One of those conversations was in the kitchen. She sat at the little desk where the phone is, and I stood leaning against the counter, probably paused in the middle of doing something kitchen-y. I don't remember how the segue went, how she led into the question. But she asked for the story of how I broke my elbows.

Her son and daughter-in-law had been sort of intimately involved in the immediate aftermath of the elbow-breaking incident. They took care of me, put me up, solved a thousand emergency problems. But my friend had the story only secondhand, and wanted to hear some of the details, since she knew pretty much everyone involved. So I began to tell her.

As I did, I stiffened up. My voice was flat and harsh. I clutched the edge of the counter behind me as if the floor might disappear and only that counter would keep me from the drop. My stomach threatened me with dire things.
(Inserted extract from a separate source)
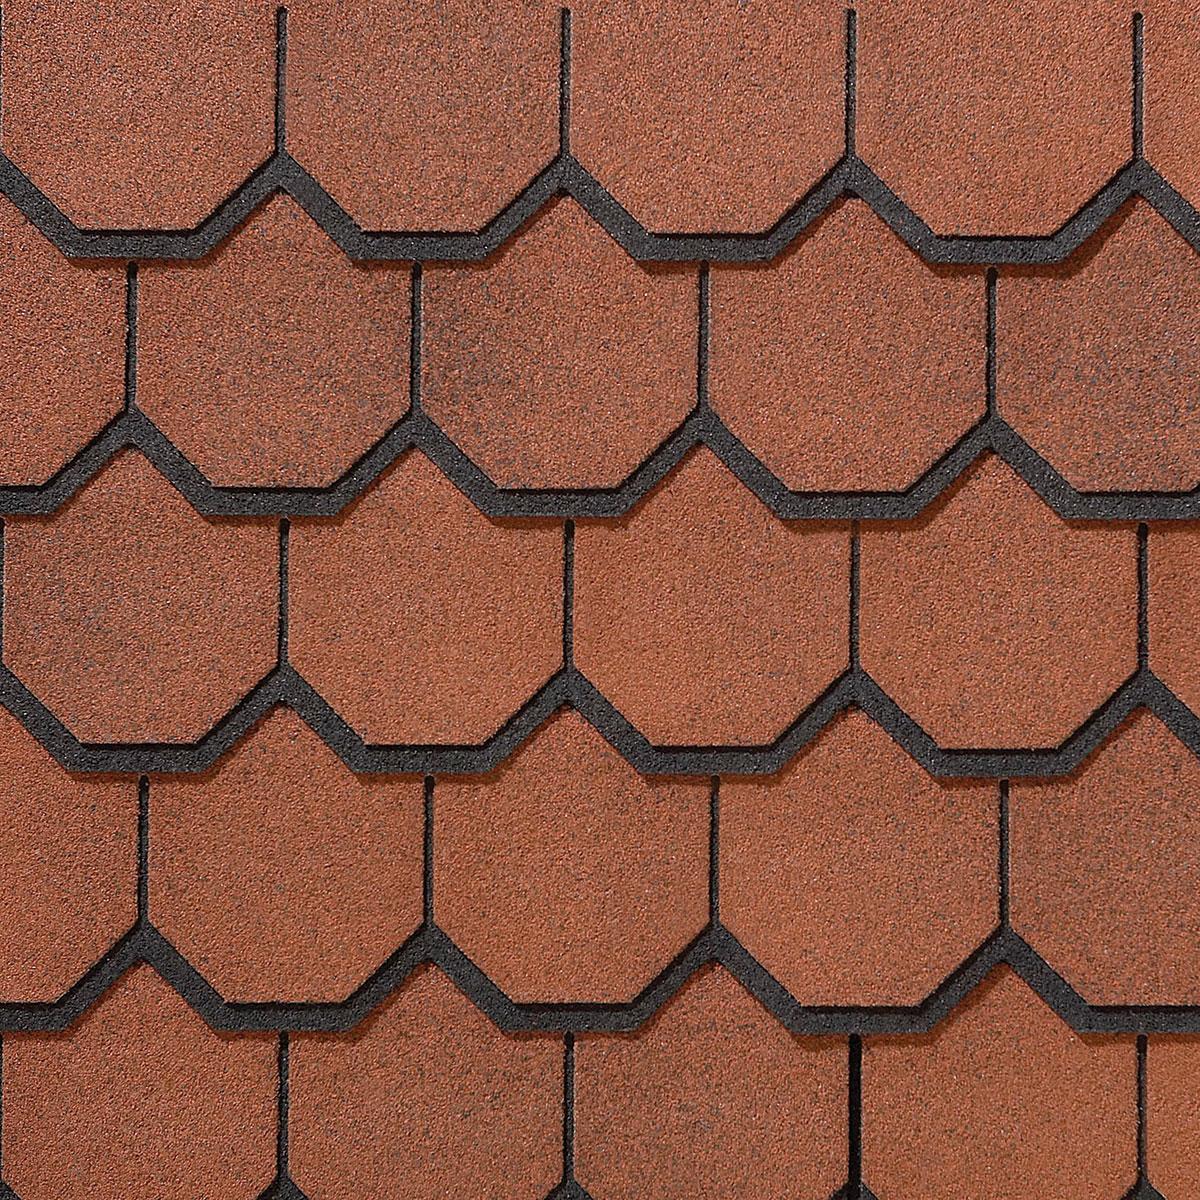 CT Carriage House Georgian Brick (CTCHGEBR) <br>5 Bdl/Sq
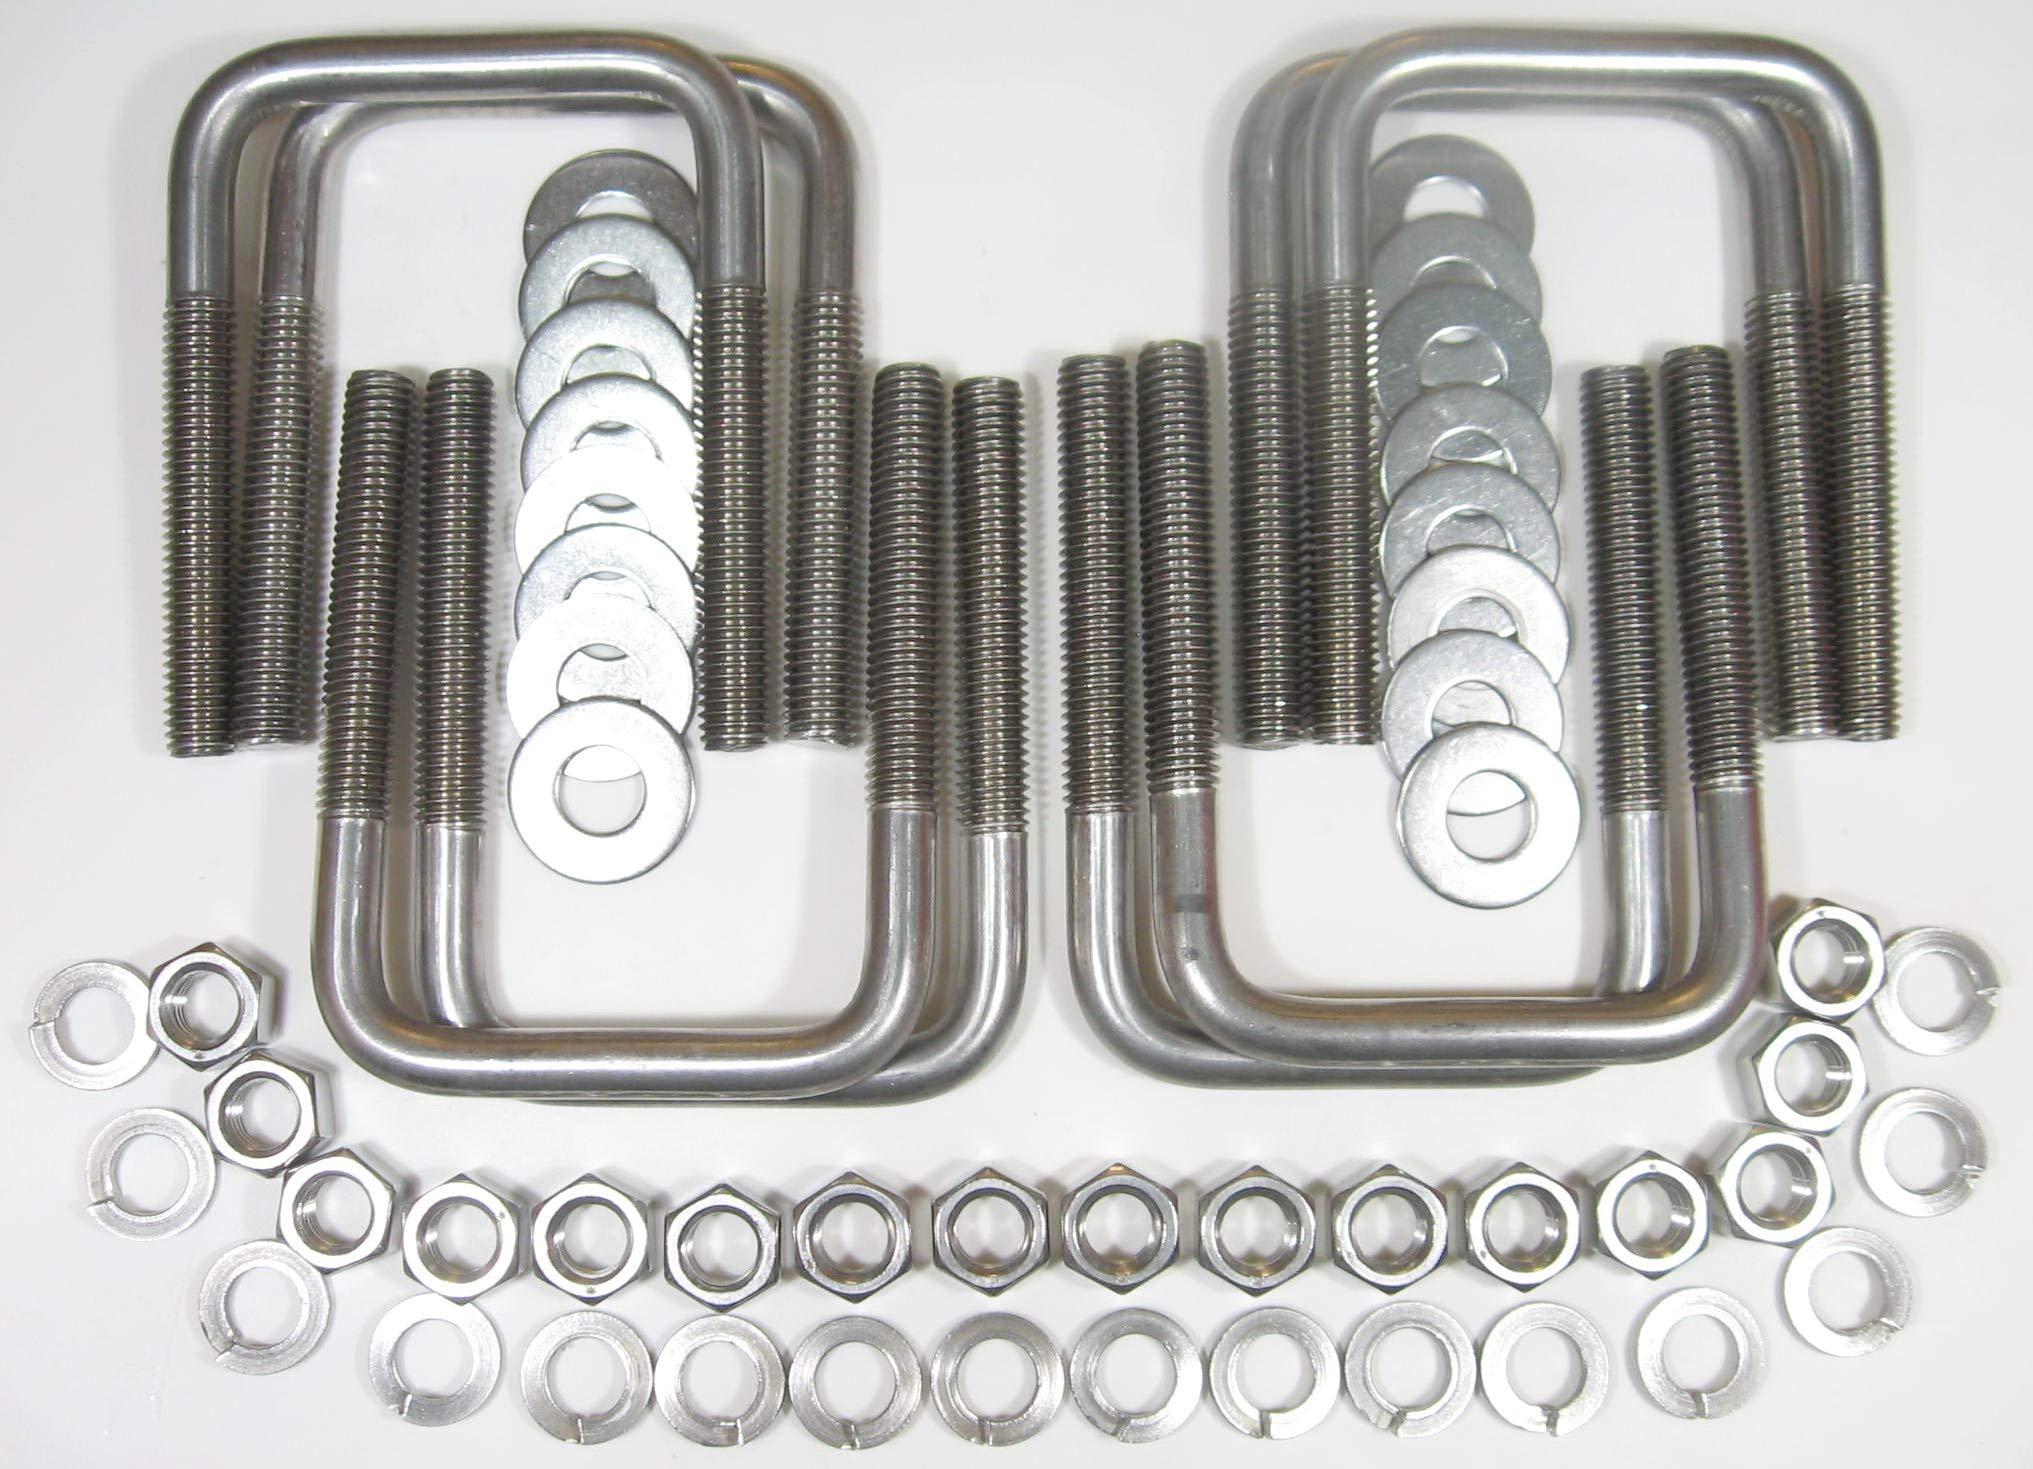 (8) 304 Stainless Steel Square U-Bolt Boat Trailer U bolt Ubolt 1/2'' D x 3 1/16'' W x 4 5/16'' L

Everything I told my friend happened six years ago. Old news. All over now.

Until I think about it, or try to talk about it, or see or hear things that remind me of it. Then I get to be a time traveler. I get to revisit the last quarter of 2001, when I slipped and the wheels came off my life.
More on the other side of the cut. )
If you're here, it's because you decided you wanted to read about how I got kind of, um, broken, and what I'm finally trying to do about it. If you didn't decide any such thing, there's probably a typo in that search string, dear.

Journaling is, they tell me, a recognized therapeutic technique. LiveJournaling, complete with animated userpics and mood icons, could be the way to go for us pixel-stained technopeasant wretches in therapy.

Heh. I'm in therapy. Well, that's a start.